- Born: 2 October 1956 (age 69) Soweto, South Africa
- Known for: Student Activist and Politics
- Children: 4

= Murphy Morobe =

South African apartheid historical figure

Murphy Morobe (born 2 October 1956) is a historical figure from South Africa's anti-apartheid movement.

He started school in Ermelo. Morobe completed Primary School in Soweto and then went to Orlando North Secondary School and Morris Isaacson High School. While he was in high school he became interested in politics and history. In 1972 Morobe became part of the South African Student’s Movement (SASM). Important things to him were unity and community development.

Many members of the SASM were detained in 1973 and it became quite weak.

In 1974 Morobe helped with the re-building of SASM, and then was made treasurer by them. Later he was one of the student leaders of the Soweto Uprising in June, 1976. Due to his alleged role in the uprising, he spent three years in prison on Robben Island. He served his time alongside other student leaders. He also was in the company of South African political prisoner and African National Congress leader Nelson Mandela. He was released in May 1982.

After being released from prison, he returned to politics, involving himself with several groups, including: Congress of South African Students (COSAS), General and Allied Worker’s Union and he helped to form the United Democratic Front (South Africa) (UDF) in 1983.

In 1994 Morobe had become the first Chairperson and CEO of the Financial and Fiscal Commission of South Africa.

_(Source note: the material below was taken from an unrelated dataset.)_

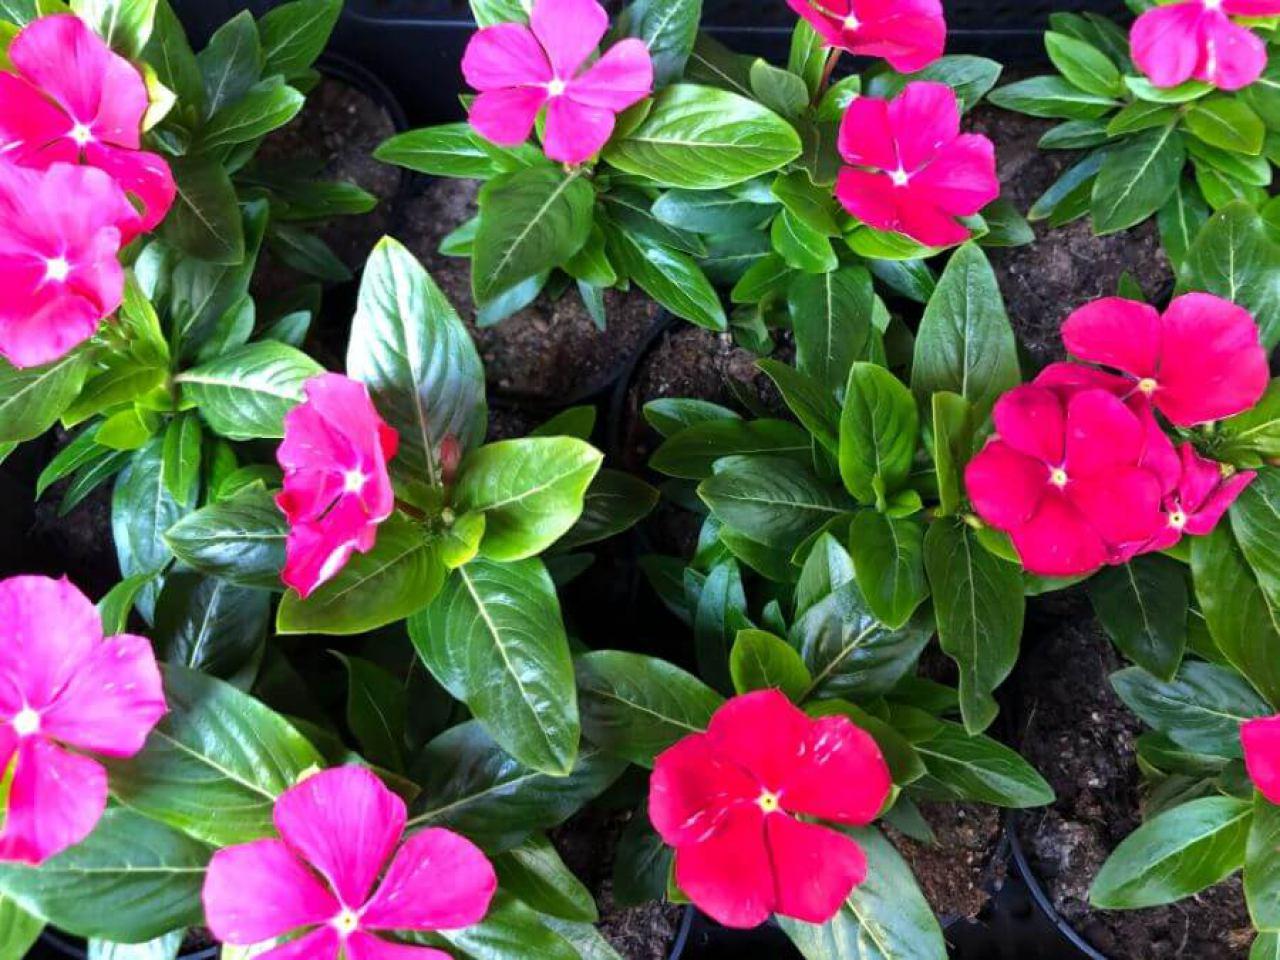 flora-commerce-5936277412.jpg

Morobe was on the Council on Higher Education (CHE). He also is the Chairman of the South African National Parks Board (SANP), and is a part of the International Fundraising Consortium, an organisation that provides money grants to the non-governmental sectors of South Africa. Morobe has also been appointed to the position of Director on the board of the Old Mutual South Africa.

He is the spokesman for former South African President Thabo Mbeki.